The concept, in plain English

Eight GPUs, each holding a slice of the same gradient tensor, need to end up holding the sum of all eight slices, then divide by 8 to get the average. That is one AllReduce operation, and the same primitive runs once or twice per training step on every parameter. Ring AllReduce solves this by having each GPU hold one shard at a time — pass to the next GPU around the ring, accumulate, repeat 2(N-1) times, and at the end every GPU has the full sum. Tree AllReduce solves it differently — combine pairwise up a tree, broadcast back down — but uses log(N) sequential steps where ring uses a constant per-step but more total cycles.

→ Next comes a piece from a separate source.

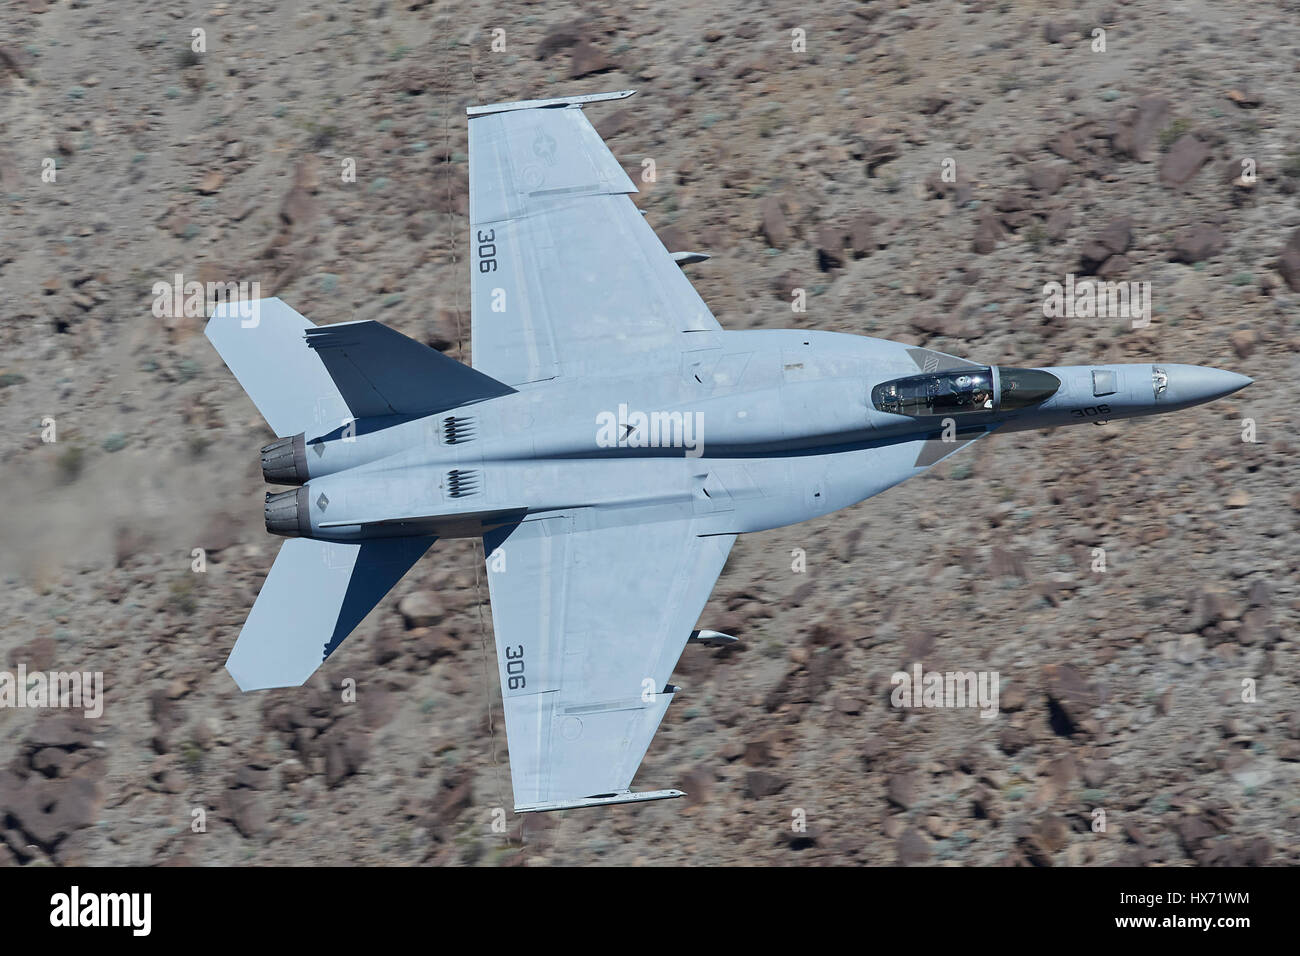 United States Navy F/A-18E Super Hornet Flying At Low Level Through A Desert Canyon. Stock Photo

The choice between them is one of the most-cited distributed-systems facts: ring is bandwidth-optimal because every link is used in every cycle; tree is latency-optimal because the depth is log(N) instead of 2(N-1). For large messages, ring wins because bandwidth dominates wall time. For small messages, tree wins because latency dominates. NCCL has a built-in threshold and uses the right one automatically — but on a topology it doesn’t recognize, it can pick wrong, and reading the log is how you find out.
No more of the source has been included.